YOUR OBJECTIVE: A faithful copy is needed of the lines below from the one with "Leinen-Kissenhülle Dalia mit" up to and including the one with "Máy tính để"; set it down with no pictures and no other lines.

EXTRACTED RECORDS:
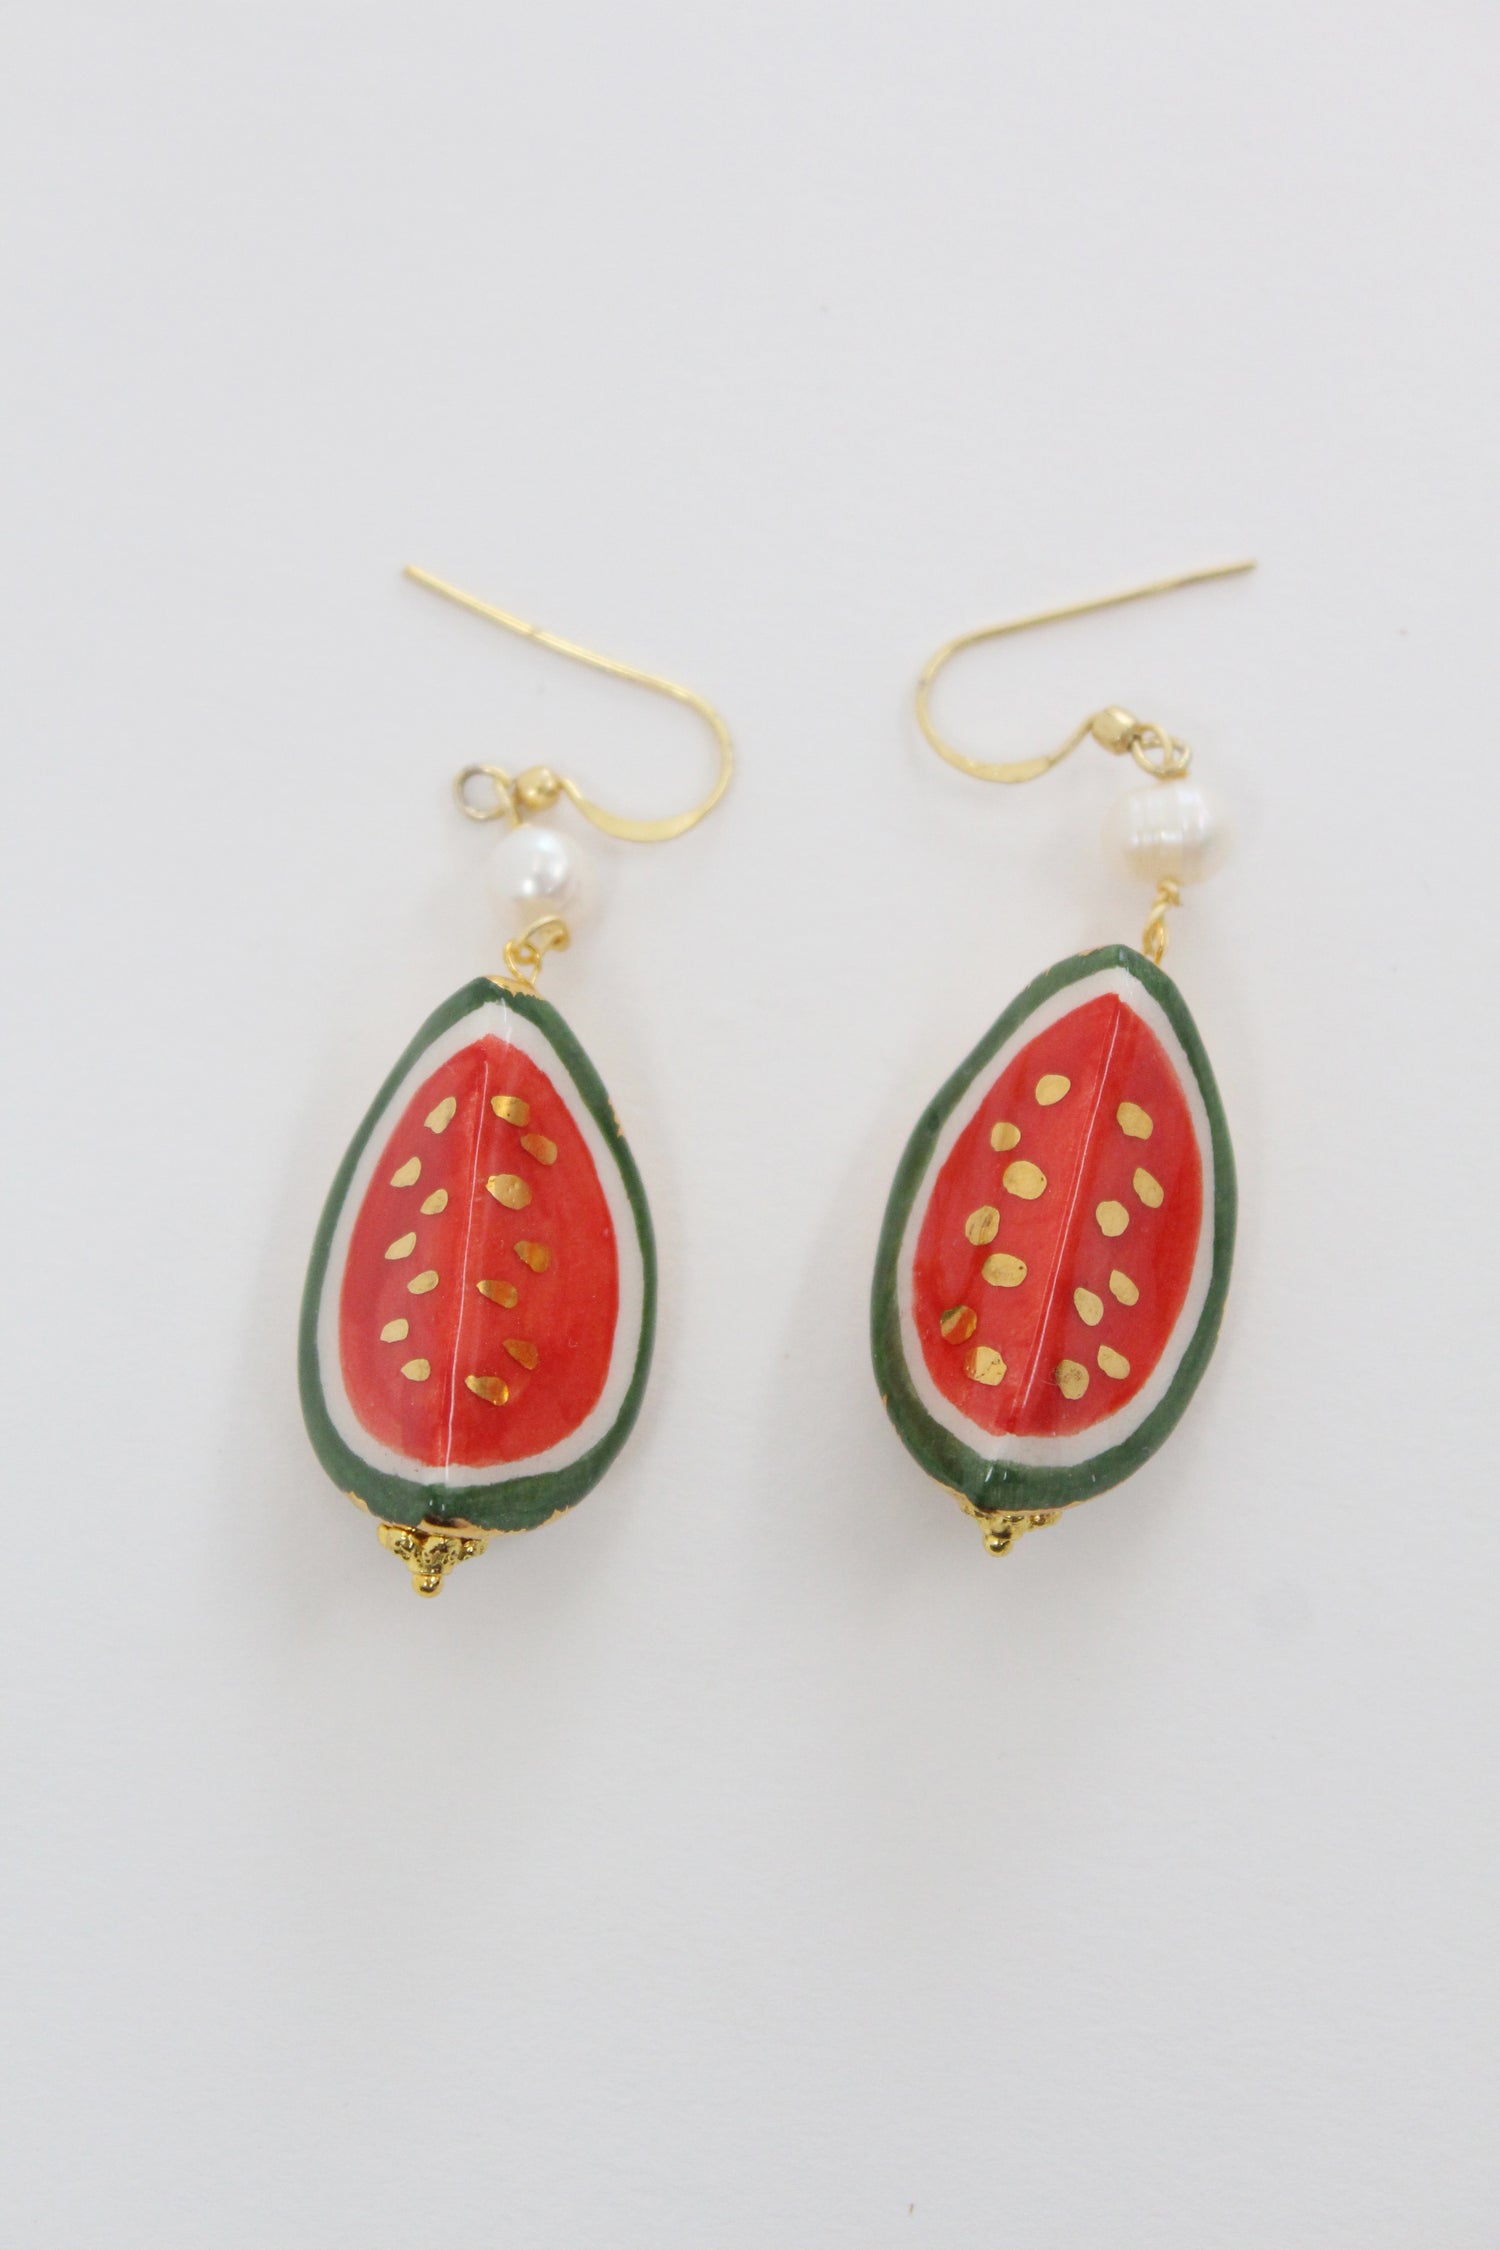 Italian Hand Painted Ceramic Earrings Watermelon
--
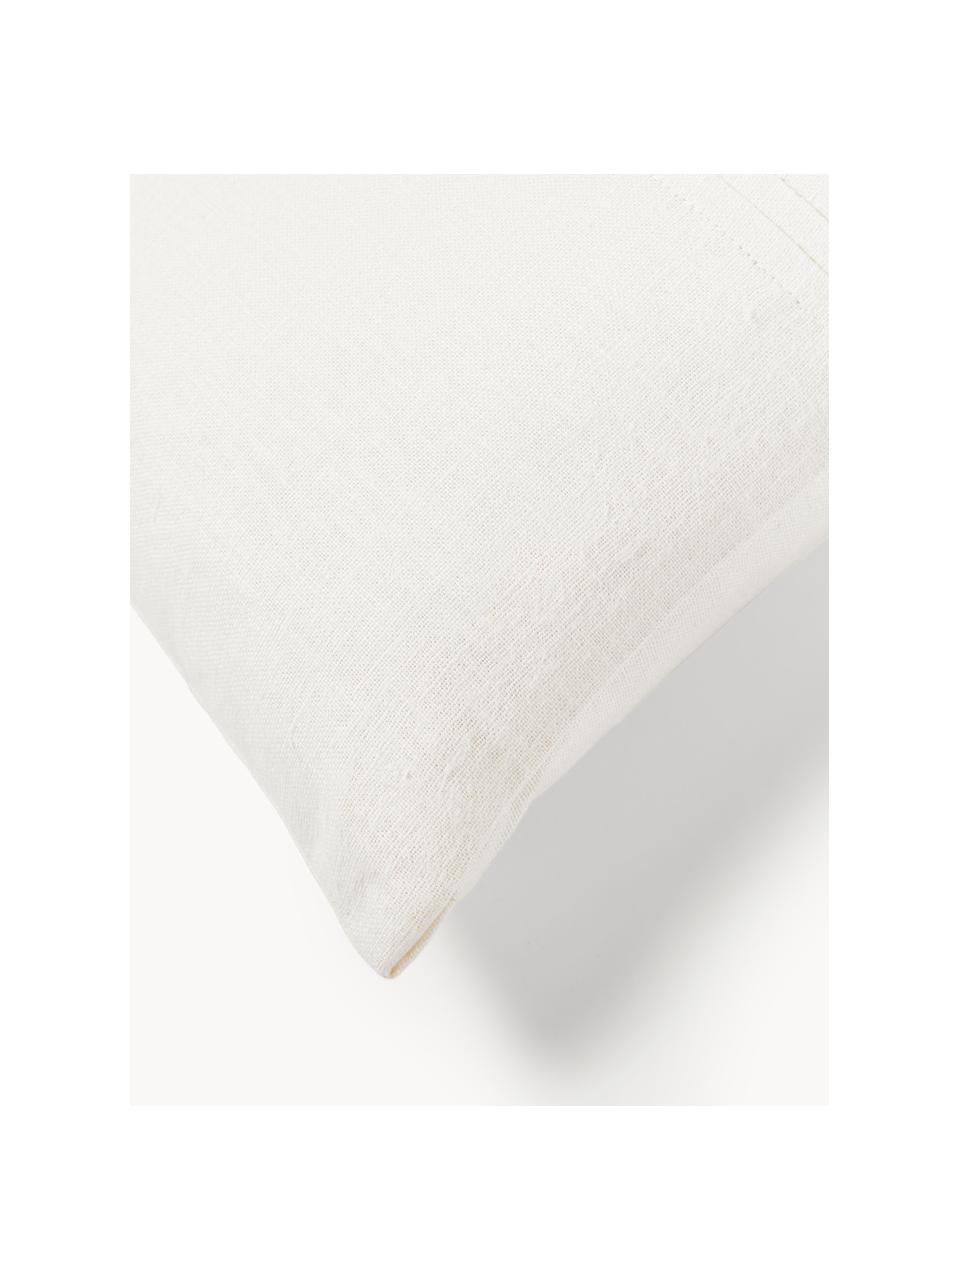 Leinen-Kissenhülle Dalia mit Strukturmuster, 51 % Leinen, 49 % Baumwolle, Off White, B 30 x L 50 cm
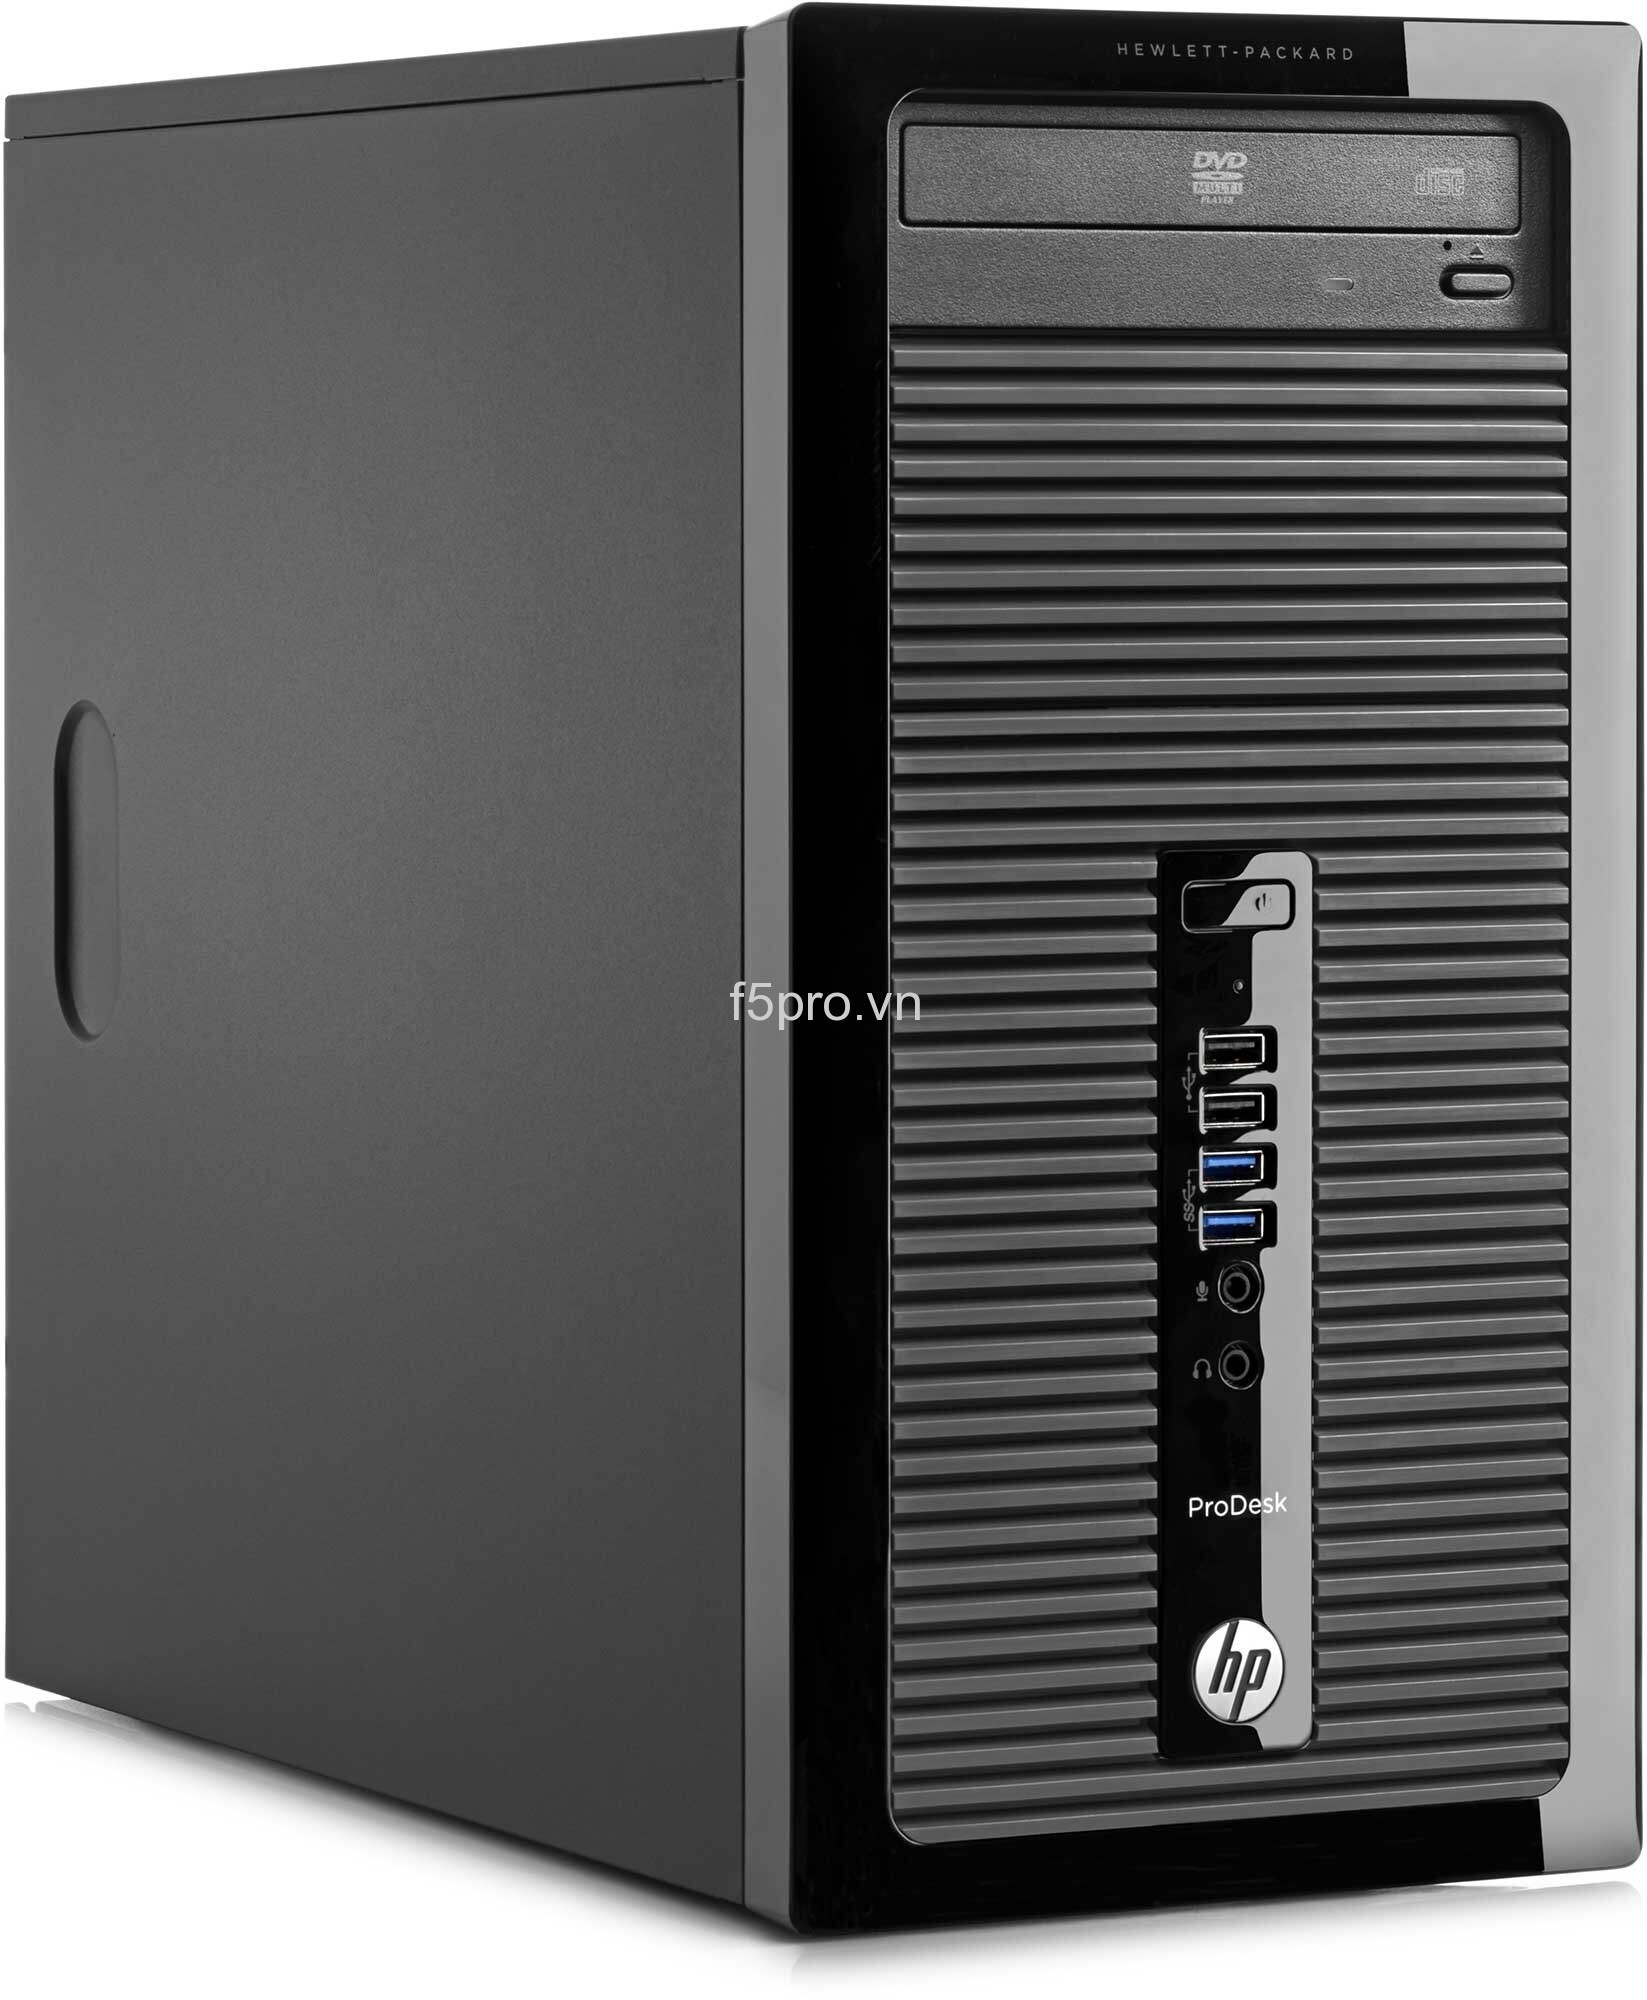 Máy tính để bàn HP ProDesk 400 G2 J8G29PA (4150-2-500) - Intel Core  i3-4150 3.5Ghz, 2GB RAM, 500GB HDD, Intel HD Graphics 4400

SOLUTION:
 Leinen-Kissenhülle Dalia mit Strukturmuster, 51 % Leinen, 49 % Baumwolle, Off White, B 30 x L 50 cm
 Máy tính để bàn HP ProDesk 400 G2 J8G29PA (4150-2-500) - Intel Core  i3-4150 3.5Ghz, 2GB RAM, 500GB HDD, Intel HD Graphics 4400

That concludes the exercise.